Mirror’s Edge certainly has the moves but lacks the feel of these videos. Each level is essentially a maze with only one possible path through it. In most cases the game maps it out for you by coloring certain terrain features red to indicate you should jump or grab on to them. Sometimes it doesn’t though, and that’s usually where you make a bad jump and die. The whole experience can be summarized like this:
- Jump, jump, fall to your death…
- Jump, jump, wall run, fall to your death
- Jump, jump, wall run, jump, get shot by a guard
- Jump, jump, wall run, jump, slide, right mouse button to disarm, jump, fall to your death
That is pretty much the whole game. If you press the jump button a second to early, you die. If you press it to late, you die. If you are at a wrong angle when you jump, you die. And sometimes you die because it is not completely clear as to what you should do. For example, sometimes a ledge seems to be close enough to just jump towards it. But if the designers wanted you to wall run to that edge, they will place it just inches out of reach instead. On the other hand if you wall run instead of just jumping, it is easy to overshoot the platform and fall. Other times you die because you are on some ledge and it is not entirely clear where you should jump next. There might be rooftops and platform all around you but only one of them can be accessed – and it is usually the one directly above your head (and as Valve designers found out, players hardly ever look up).

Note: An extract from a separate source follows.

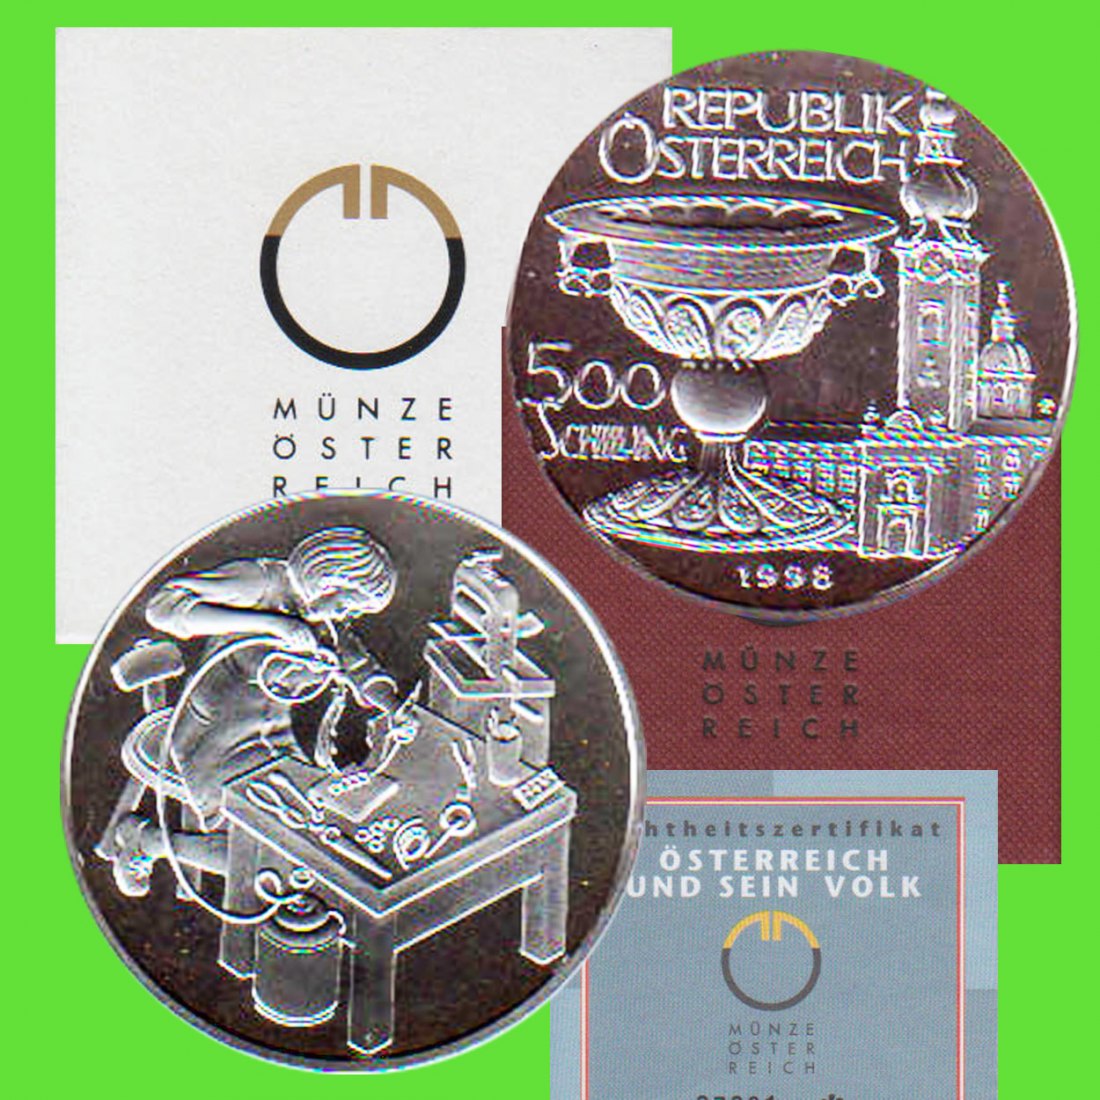  Offiz. 500-öS-Silbermünze Österreich *Goldschmied* 1998 *PP* max 50.000St!

So the whole free-flow of Parkour is gone – unless you have already memorized the whole level and can do all the jumps with your eyes closed. The game about crazy, frantic acrobatic rooftop running actively discourages you from doing anything crazy or unplanned. After each jump you are expected to stop to make sure you are aligned just right for the next jump. If you try to wing it, you will be punished. The terrain is your #1 enemy in this game – which is ass backwards to me. You are this limber, ultra-athletic chick who is chased by corporate cops in full body armor. Terrain should be your best ally and your main advantage. And yet you usually need to take out all the enemies in the area before you even consider making some of the difficult jumps, because if you don’t they will shoot you down in mid air. And even if they don’t their bullets will nudge you millimeters off course and make your jump fail.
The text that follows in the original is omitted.